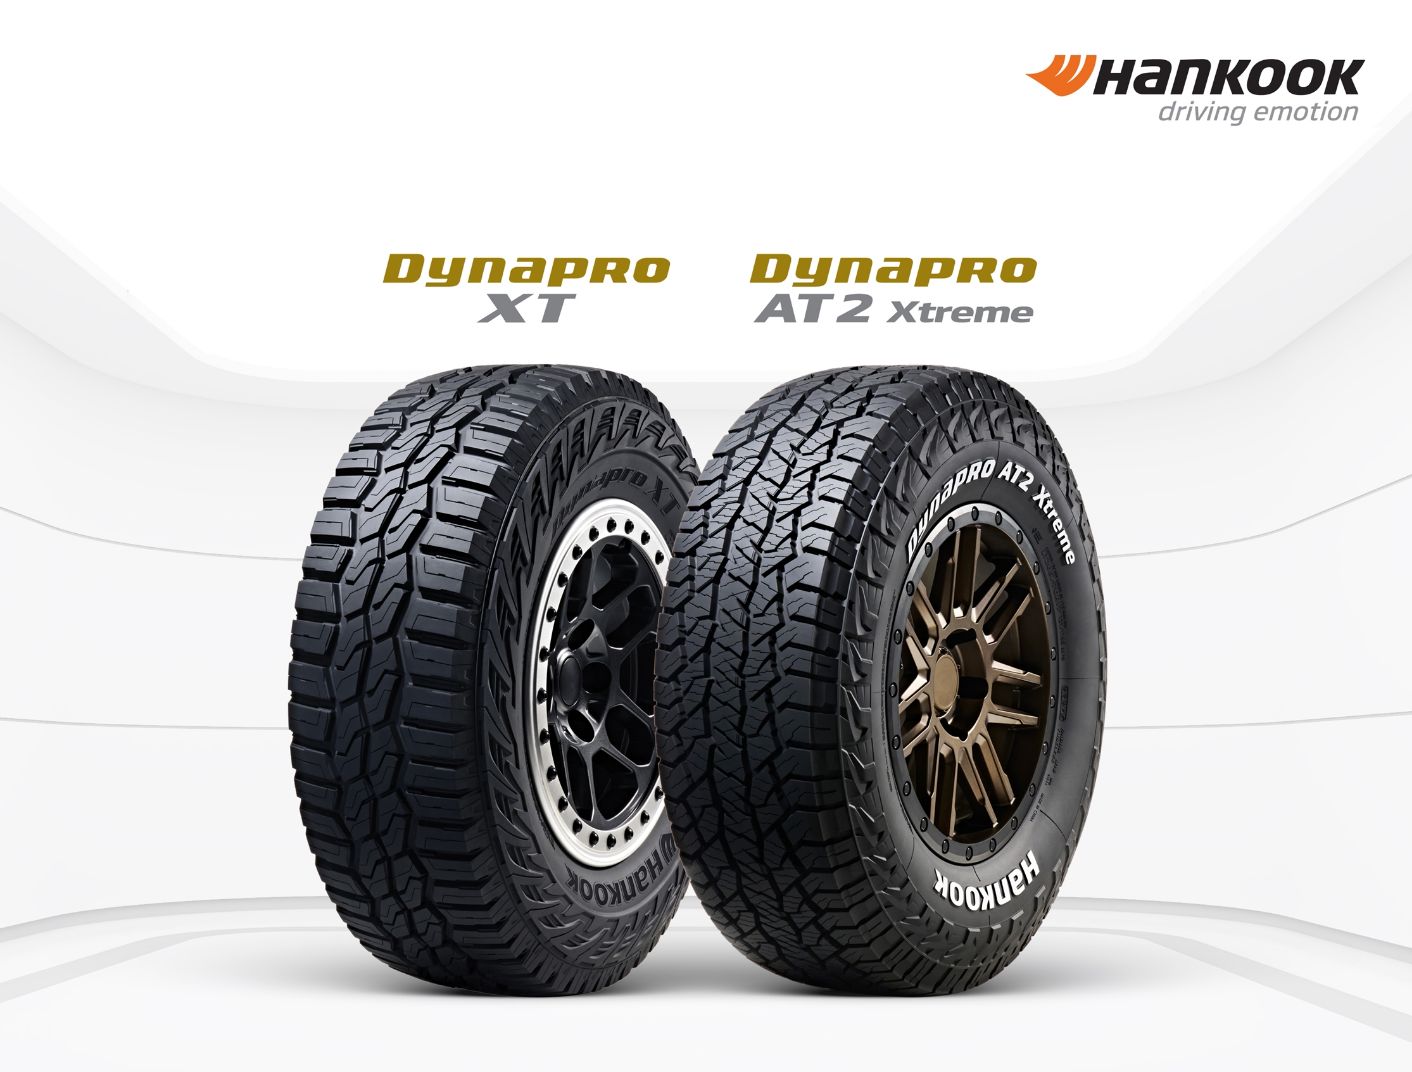 Jagonya Off-Road, Ban SUV/LT Hankook Tire Raih Good Design® Award
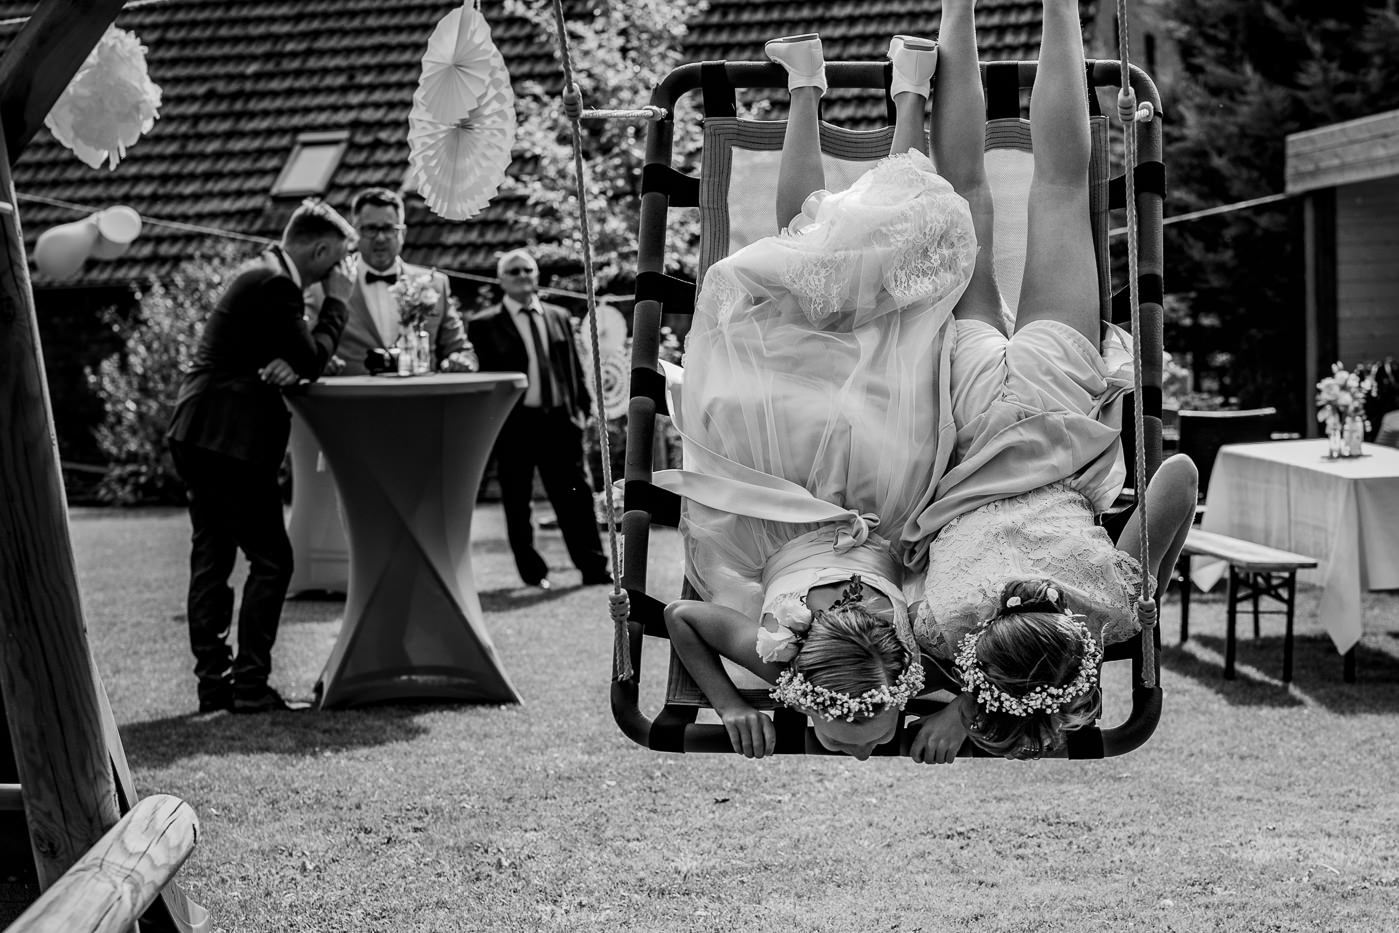 Hochzeitsfotografin-Hagen-Hochzeitsfotograf-Ruhrgebiet-lumoid-Nadine-Lotze-Hagen-Hochzeitsreportage-007a-23-Bueckeburg-DIY-Gartenparty-Kinder-Schaukel
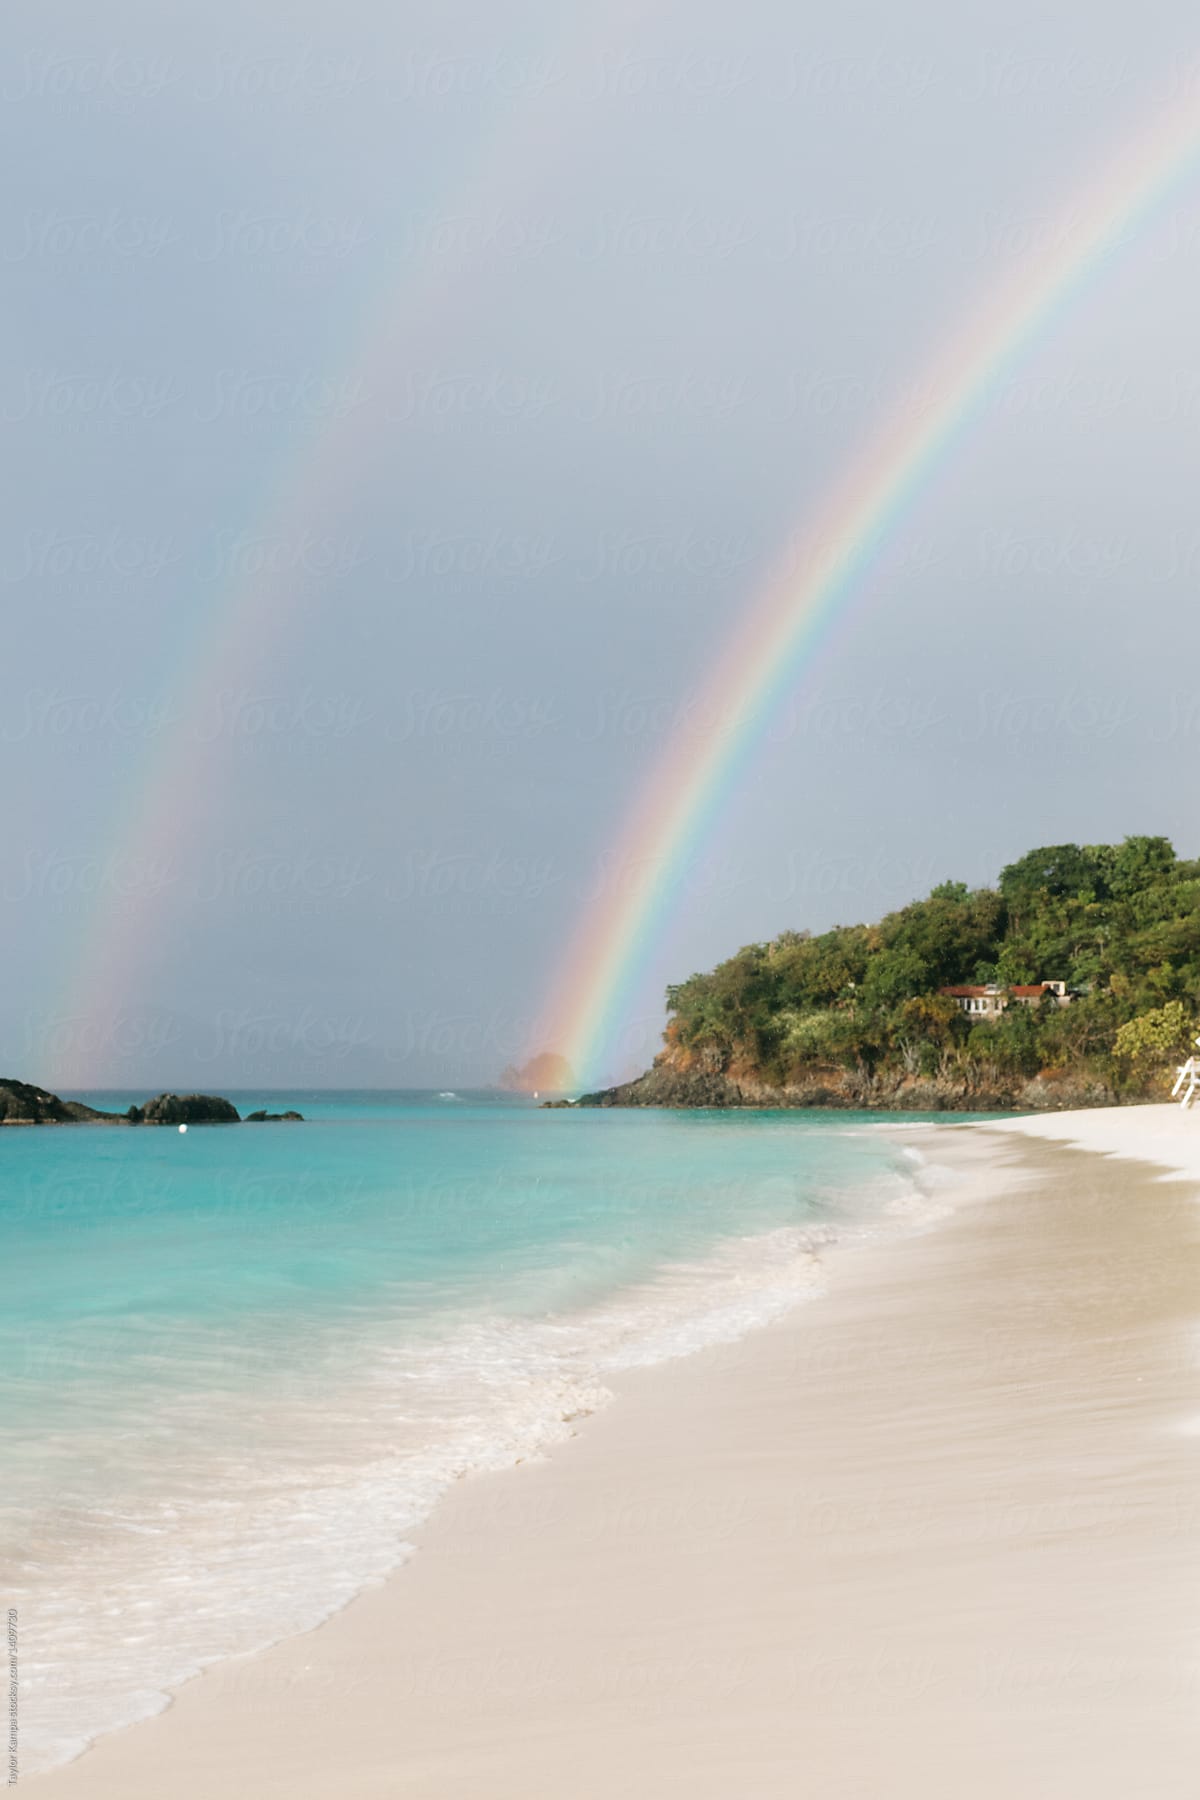 Double Rainbow on the Beach
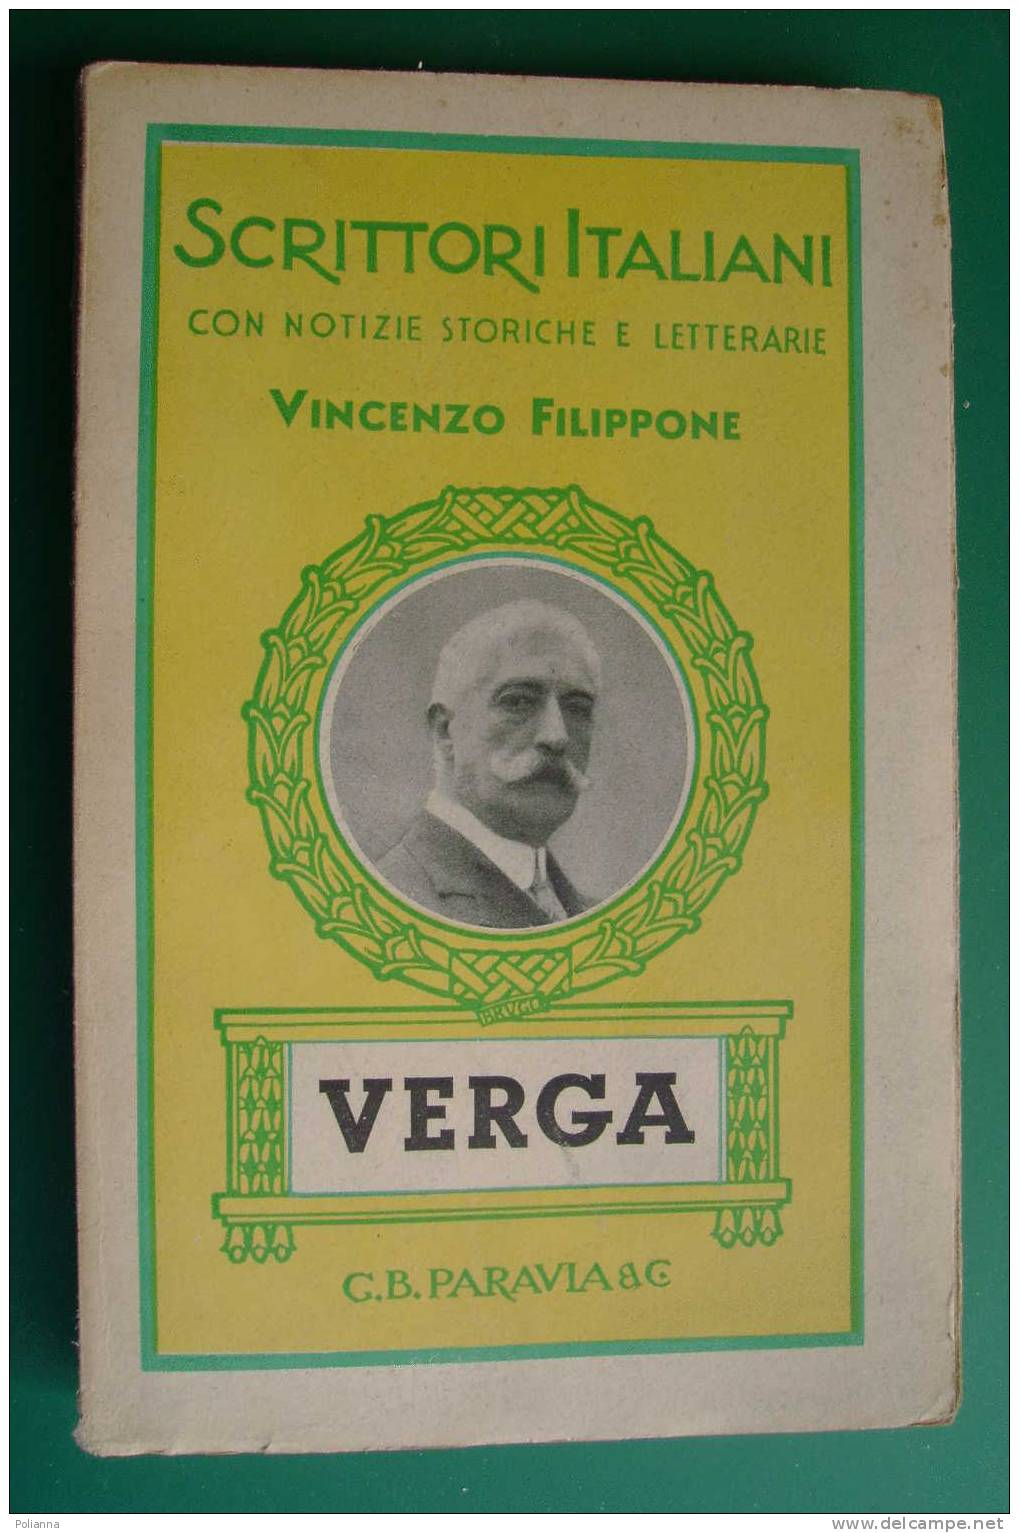 PDD/35 Scrittori Italiani - Vincenzo Filippone - VERGA  Paravia 1942 - Oud
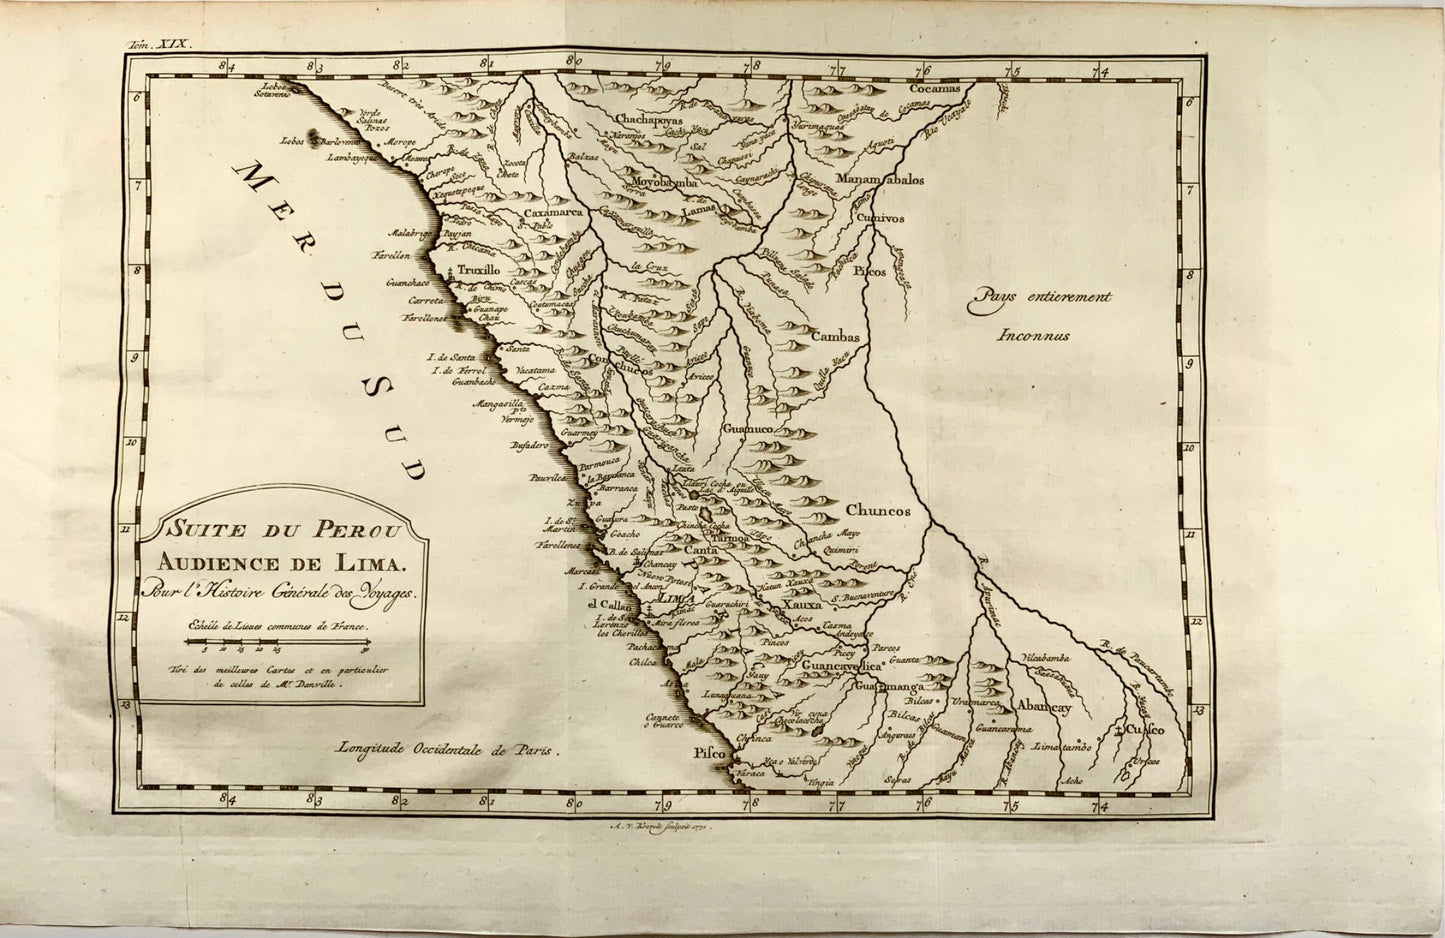 1756 d'Anville mappa della costa del Perù di Bellin, inclusa Lima

====

What this task involves:
When pictures appear among the entries, skip them and copy all remaining text precisely.

Worked solution:
 Jagonya Off-Road, Ban SUV/LT Hankook Tire Raih Good Design® Award
 Hochzeitsfotografin-Hagen-Hochzeitsfotograf-Ruhrgebiet-lumoid-Nadine-Lotze-Hagen-Hochzeitsreportage-007a-23-Bueckeburg-DIY-Gartenparty-Kinder-Schaukel
 Double Rainbow on the Beach
 PDD/35 Scrittori Italiani - Vincenzo Filippone - VERGA  Paravia 1942 - Oud
 1756 d'Anville mappa della costa del Perù di Bellin, inclusa Lima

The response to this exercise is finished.